*What you are asked to do*
Output each record below exactly as it stands, leaving out the pictures.
──────────────────────────────
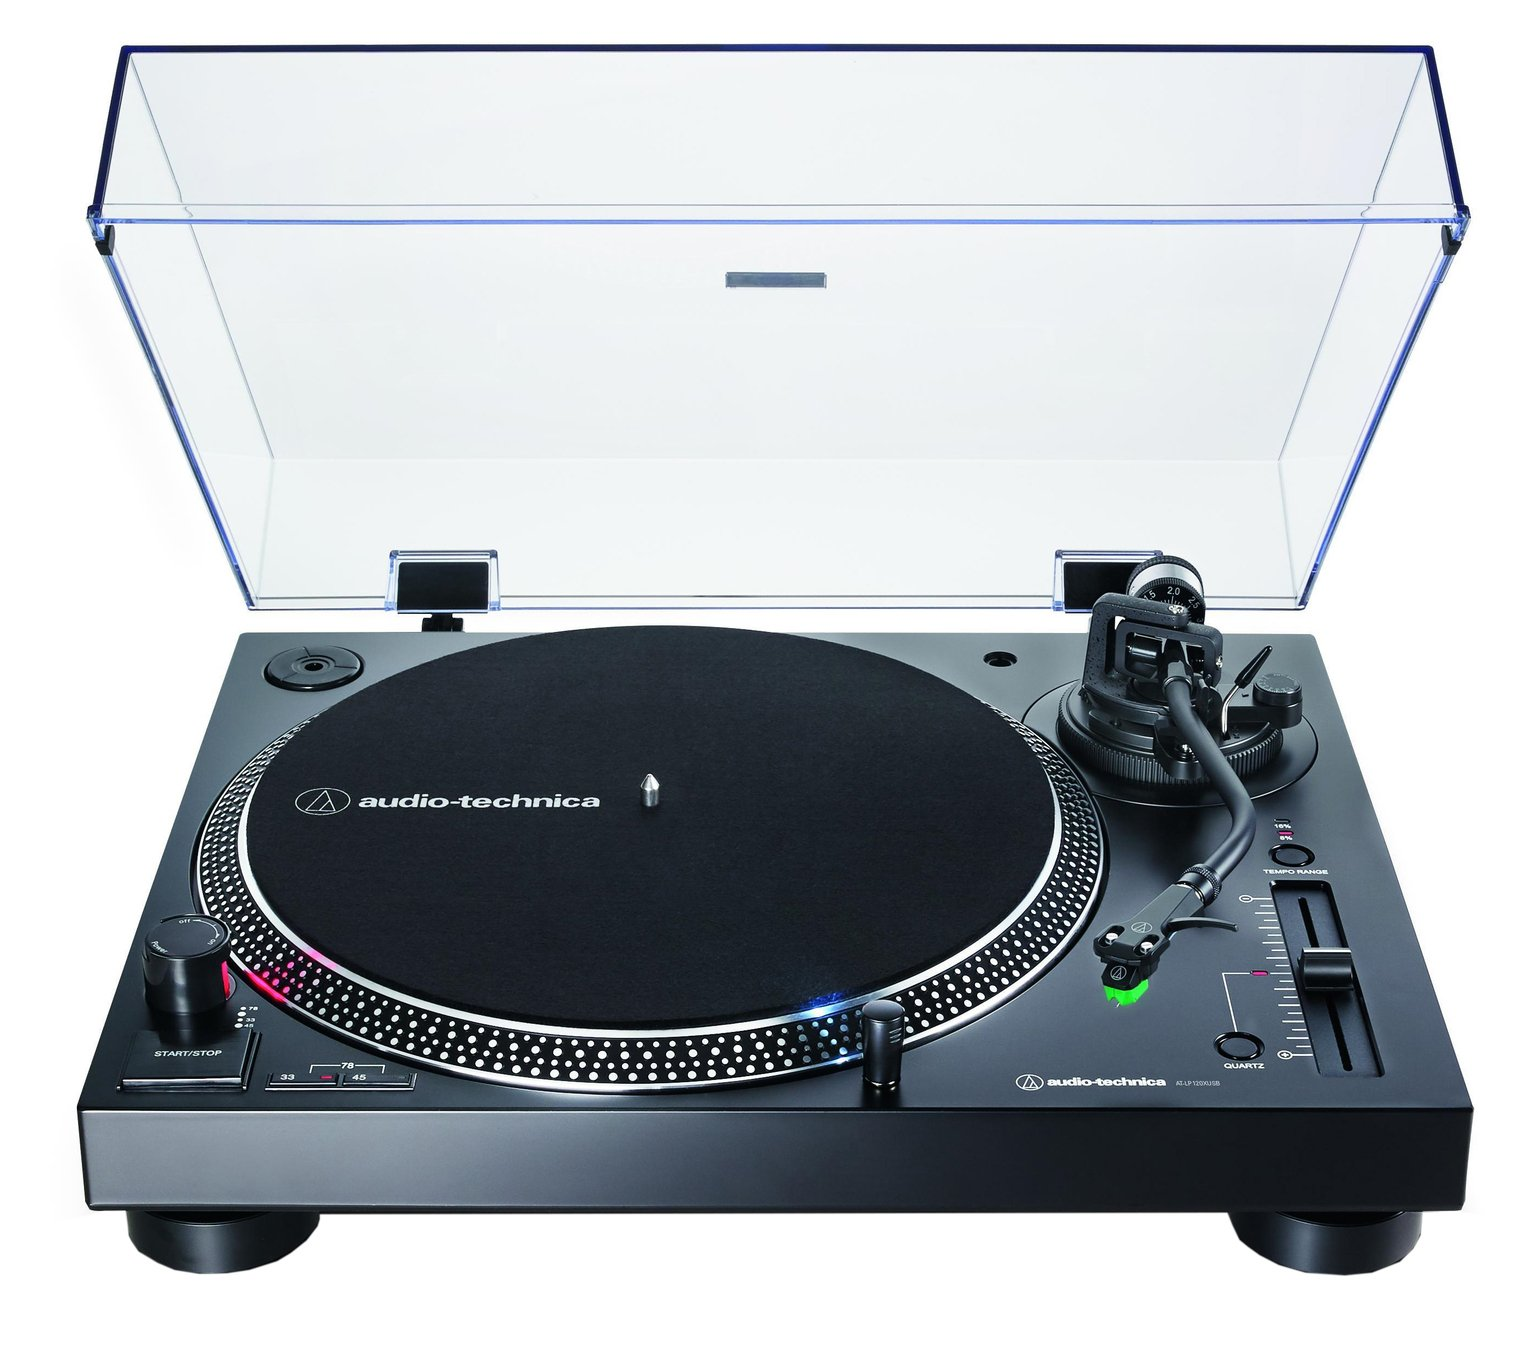 Audio-Technica AT-LP120XUSBBK Direct-Drive Turntable -Black
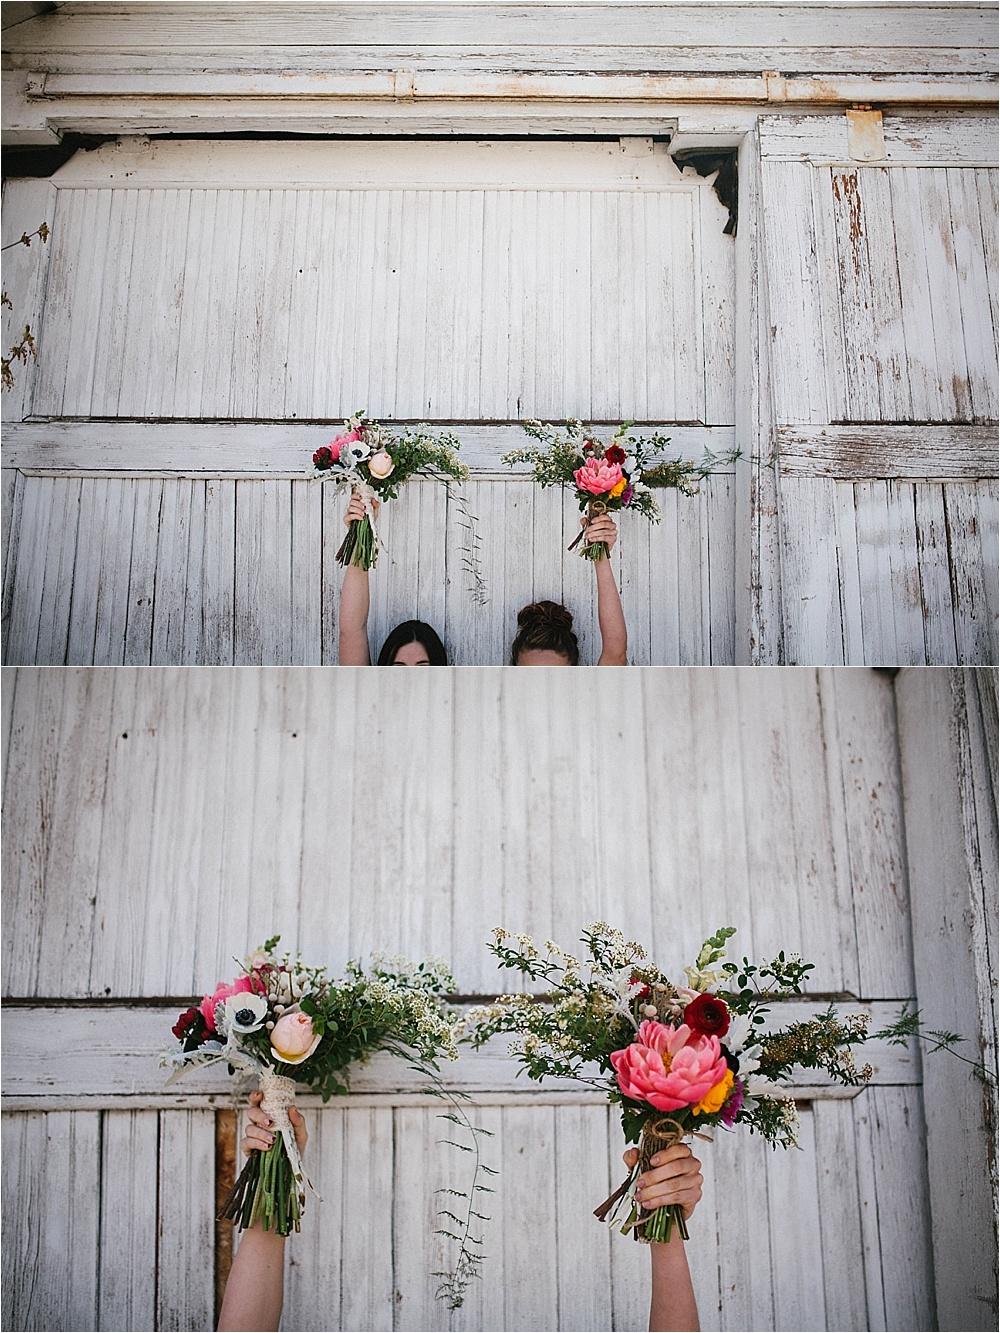 manzanita photo by rebecca caridad wedding lifestlye photography floral design calligraphy_1263.jpg
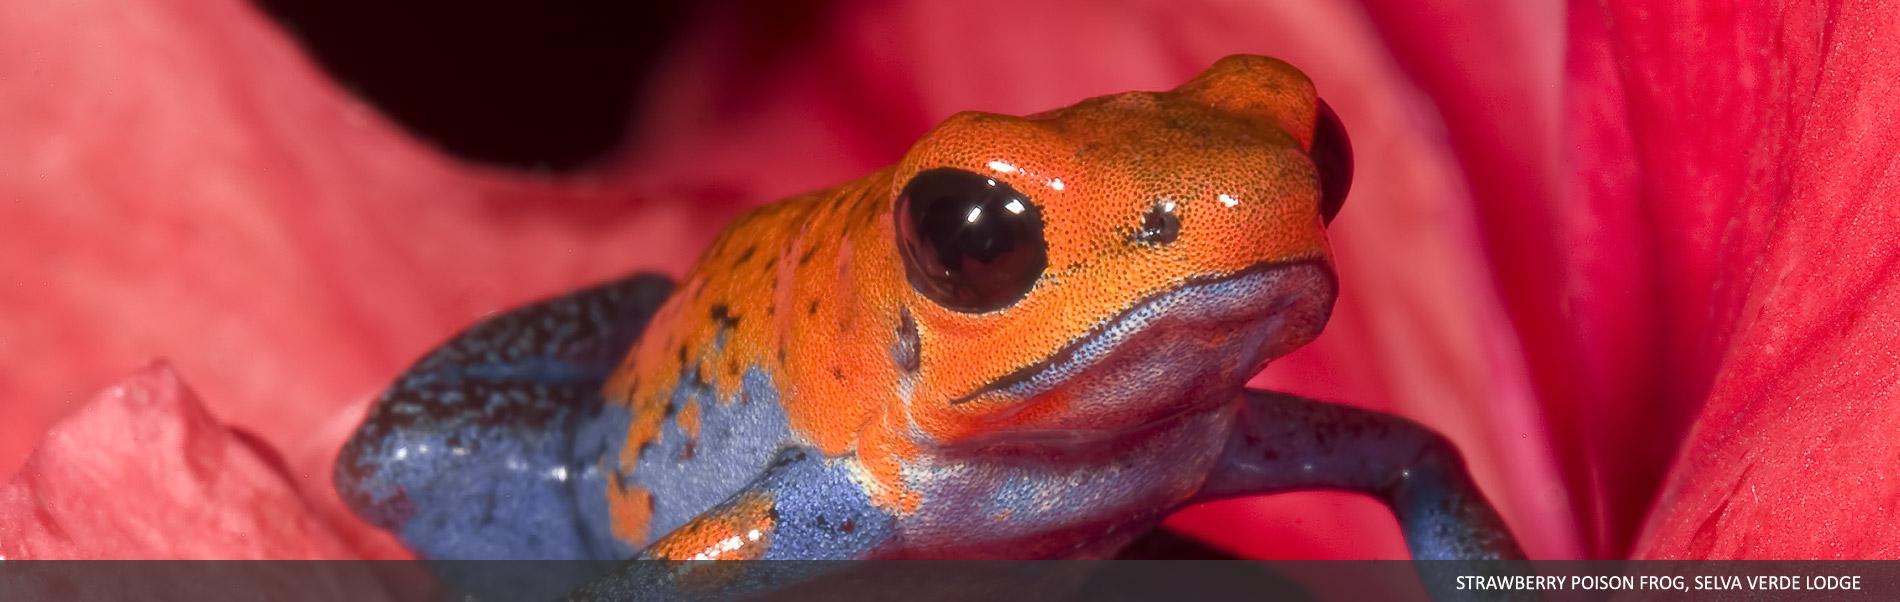 Amphibians-Reptiles-00.jpg
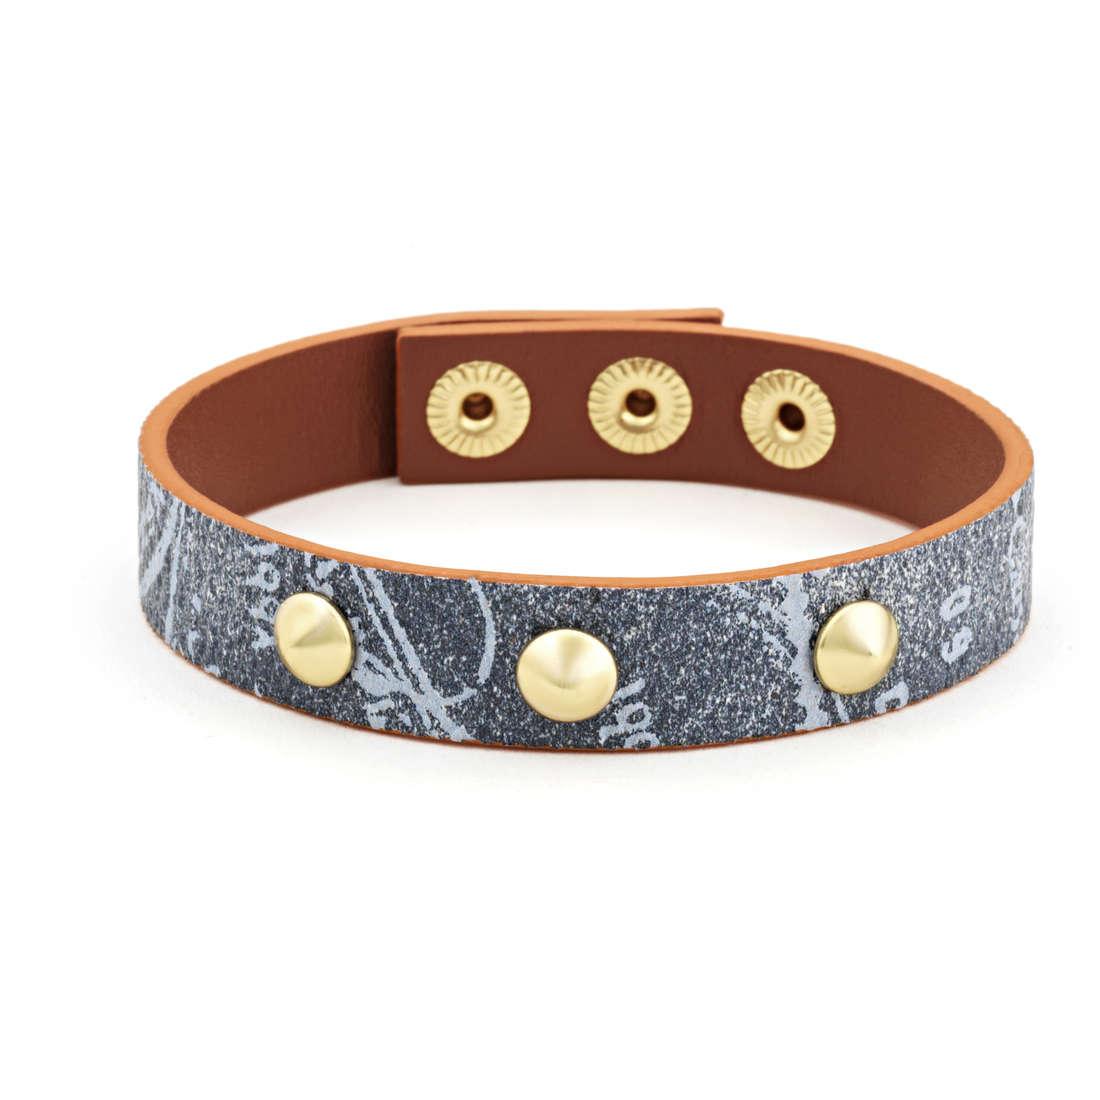 Borse Alviero Martini Alv : Bracelet woman jewellery alv alviero martini
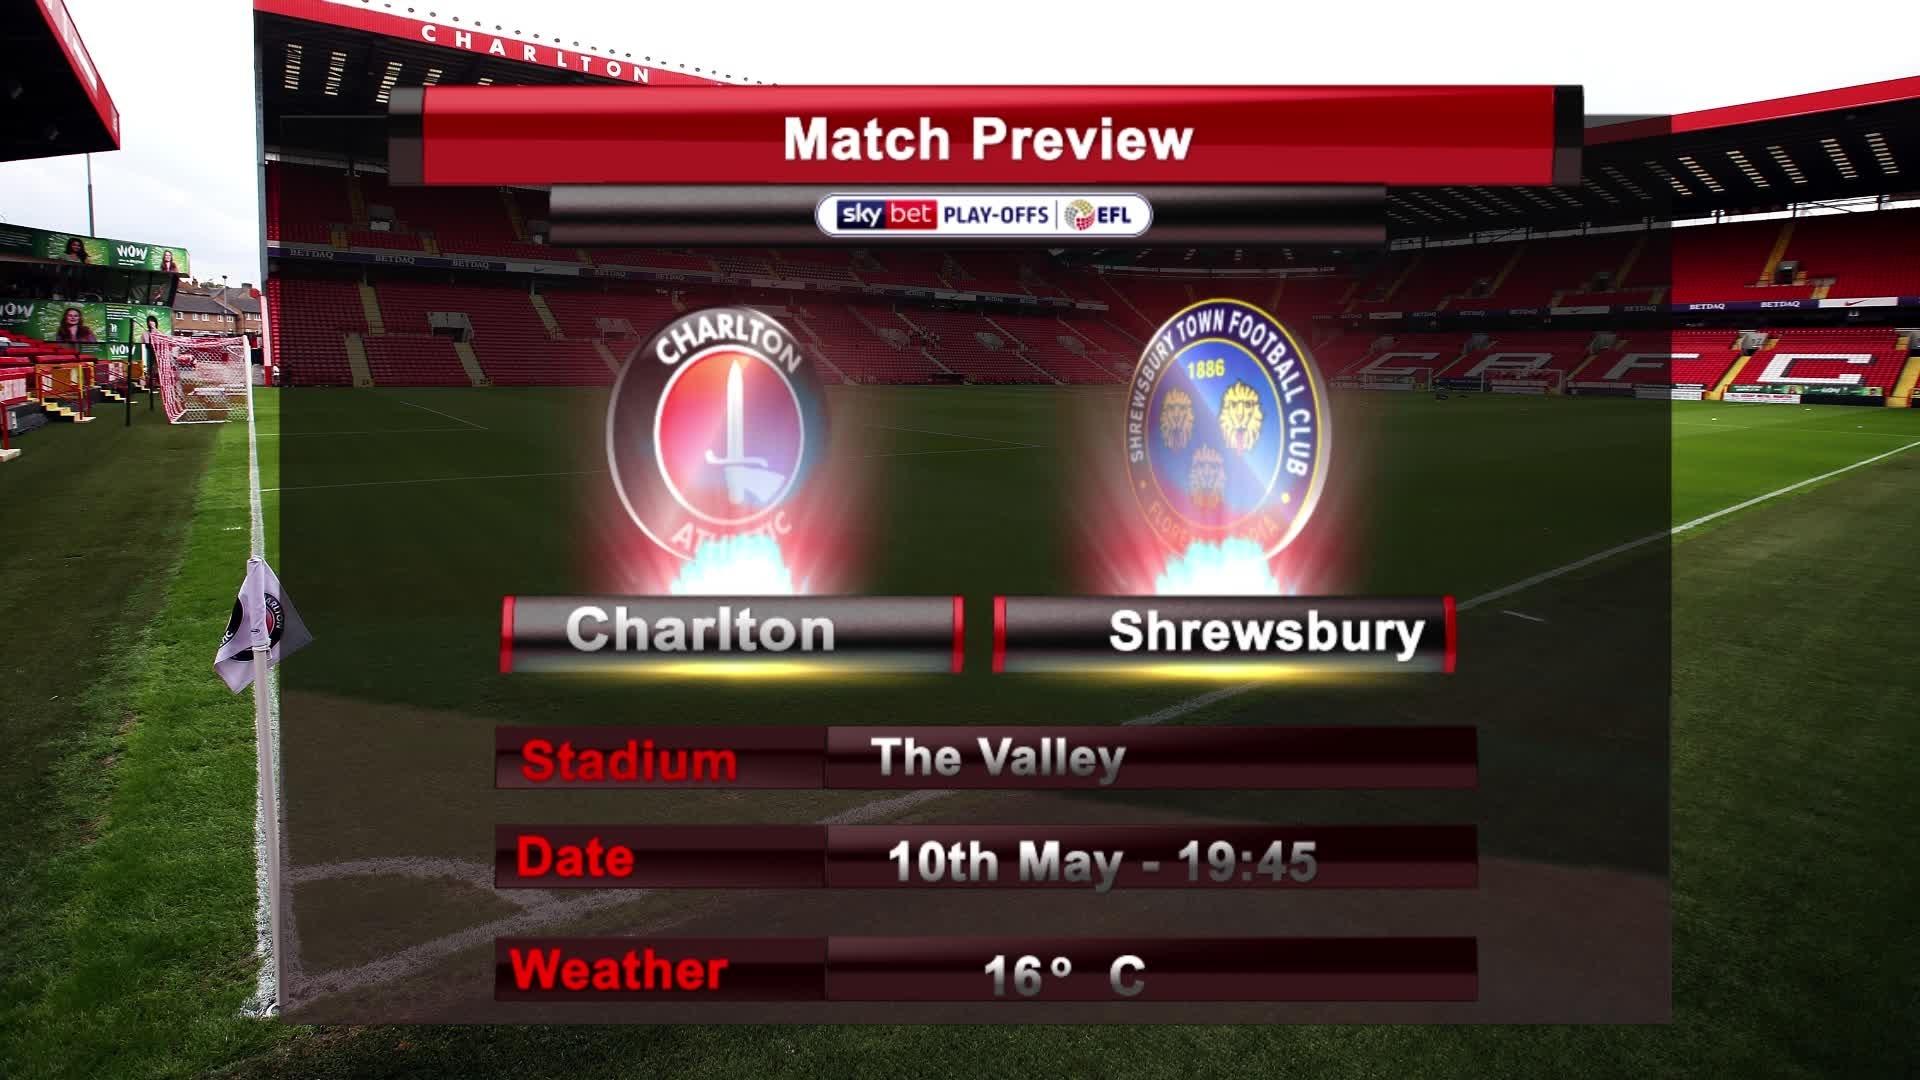 PLAY-OFF MATCH PREVIEW | Charlton vs Shrewsbury
──────────────────────────────
*Exercise response*
 Audio-Technica AT-LP120XUSBBK Direct-Drive Turntable -Black
 manzanita photo by rebecca caridad wedding lifestlye photography floral design calligraphy_1263.jpg
 Amphibians-Reptiles-00.jpg
 Borse Alviero Martini Alv : Bracelet woman jewellery alv alviero martini
 PLAY-OFF MATCH PREVIEW | Charlton vs Shrewsbury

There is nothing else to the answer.